Thread: Truncation Problems

Truncation Problems

From
Jeremy D Carlson
Date:
We are having problems with information we are inserting into our
database being truncated.  This information is being inserted via the
web through Apache 1.3.6 while using ColdFusion 4.0.1's ODBC interface
into a PostgreSQL 7.0.2 database.  It is being truncated in a couple of
ways.  Sometimes, after so many characters, the information is truncated
in each column.  Other times, the information for the last part of the
insertion string is lost.  These insertions usually contain a couple
paragraphs of information for each column.  We haven't had any problem
with short insertions.  Neither ColdFusion nor PostgreSQL return an
error on a truncation.  We occasionally will receive a "query string too
long" error from PostgreSQL, but no information is actually inserted
into the database.  The query string error is also confusing because
each column should be able to contain 1+GBs of information.

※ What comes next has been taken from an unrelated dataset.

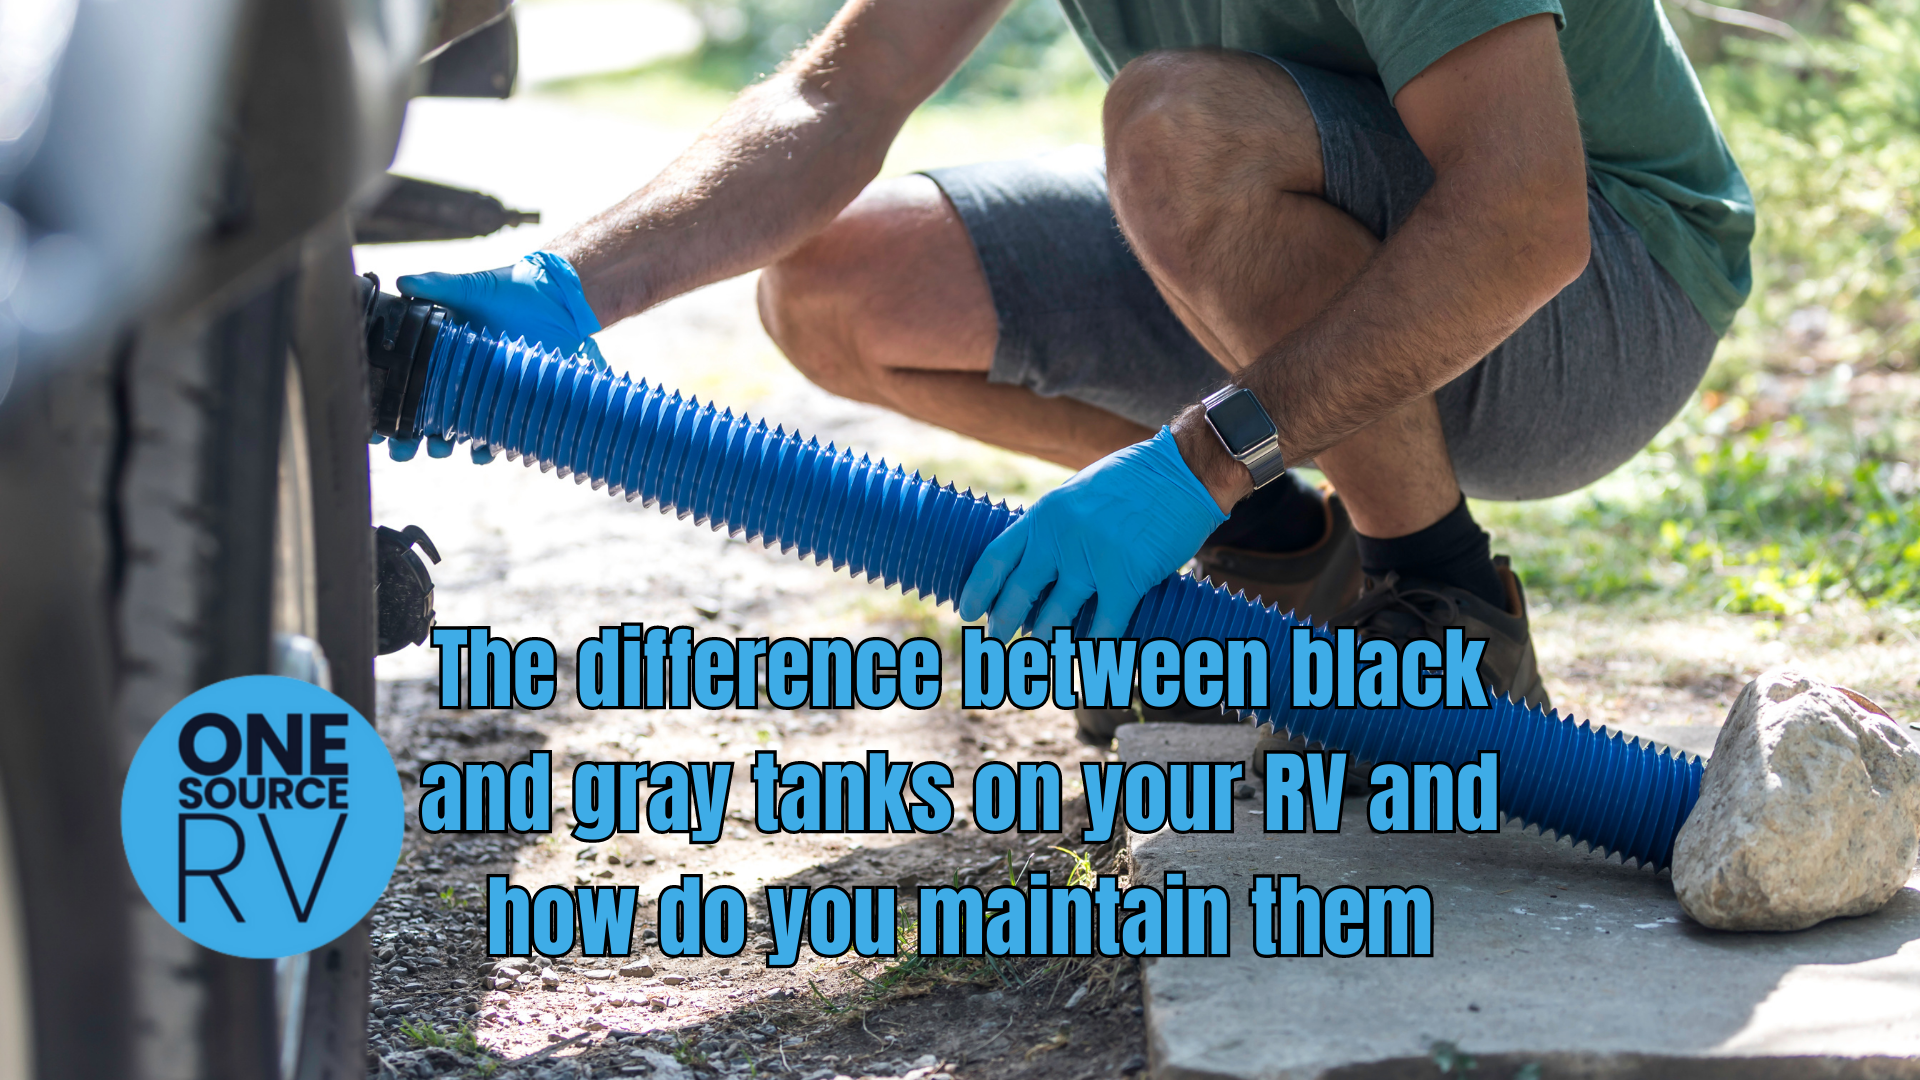 What is the difference between black and gray tanks on your rv and how do you maintain them?

Has anyone had any similar problems?

Re: Truncation Problems

From
Tom Lane
Date:
Jeremy D Carlson <jeremy@gustavus.edu> writes:
> We are having problems with information we are inserting into our
> database being truncated.  This information is being inserted via the
> web through Apache 1.3.6 while using ColdFusion 4.0.1's ODBC interface
> into a PostgreSQL 7.0.2 database.  It is being truncated in a couple of
> ways.  Sometimes, after so many characters, the information is truncated
> in each column.  Other times, the information for the last part of the
> insertion string is lost.  These insertions usually contain a couple
> paragraphs of information for each column.  We haven't had any problem
> with short insertions.  Neither ColdFusion nor PostgreSQL return an
> error on a truncation.  We occasionally will receive a "query string too
> long" error from PostgreSQL, but no information is actually inserted
> into the database.  The query string error is also confusing because
> each column should be able to contain 1+GBs of information.

7.0.2 does not support "1+GBs" per column.  You need to update to 7.1.*
to have wide columns.

The error message "query string too long" is also suspicious, since that
string appears nowhere in either current or 7.0 sources.  I suspect you
are using obsolete client-side software (left over from 6.5 or before)
that still thinks Postgres has a query length limit.

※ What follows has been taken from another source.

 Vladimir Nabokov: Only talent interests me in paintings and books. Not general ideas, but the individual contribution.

            regards, tom lane

RE: Truncation Problems

From
"Hiroshi Inoue"
Date:
> -----Original Message-----
> From: Tom Lane
>
> Jeremy D Carlson <jeremy@gustavus.edu> writes:
> > We are having problems with information we are inserting into our
> > database being truncated.  This information is being inserted via the
> > web through Apache 1.3.6 while using ColdFusion 4.0.1's ODBC interface
> > into a PostgreSQL 7.0.2 database.  It is being truncated in a couple of
> > ways.  Sometimes, after so many characters, the information is truncated
> > in each column.  Other times, the information for the last part of the
> > insertion string is lost.  These insertions usually contain a couple
> > paragraphs of information for each column.  We haven't had any problem
> > with short insertions.  Neither ColdFusion nor PostgreSQL return an
> > error on a truncation.  We occasionally will receive a "query string too
> > long" error from PostgreSQL, but no information is actually inserted
> > into the database.  The query string error is also confusing because
> > each column should be able to contain 1+GBs of information.
>
> 7.0.2 does not support "1+GBs" per column.  You need to update to 7.1.*
> to have wide columns.
>
> The error message "query string too long" is also suspicious, since that
> string appears nowhere in either current or 7.0 sources.

The message seems to come from ODBC driver. It has the query length
limit 65536. The new driver which would be released in a week or so has
no query length limit.
As for truncation, there could be some causes.
1) PostgreSQL silently truncates the text.
2) Psqlodbc driver increases the text size by converting '\n' -> CR/LF
   and the buffer overflows. Unfortunately SQL(Extended)Fetch returns
   an SQL_SUCCESS_WITH_INFO not an SQL_ERROR in suc cases.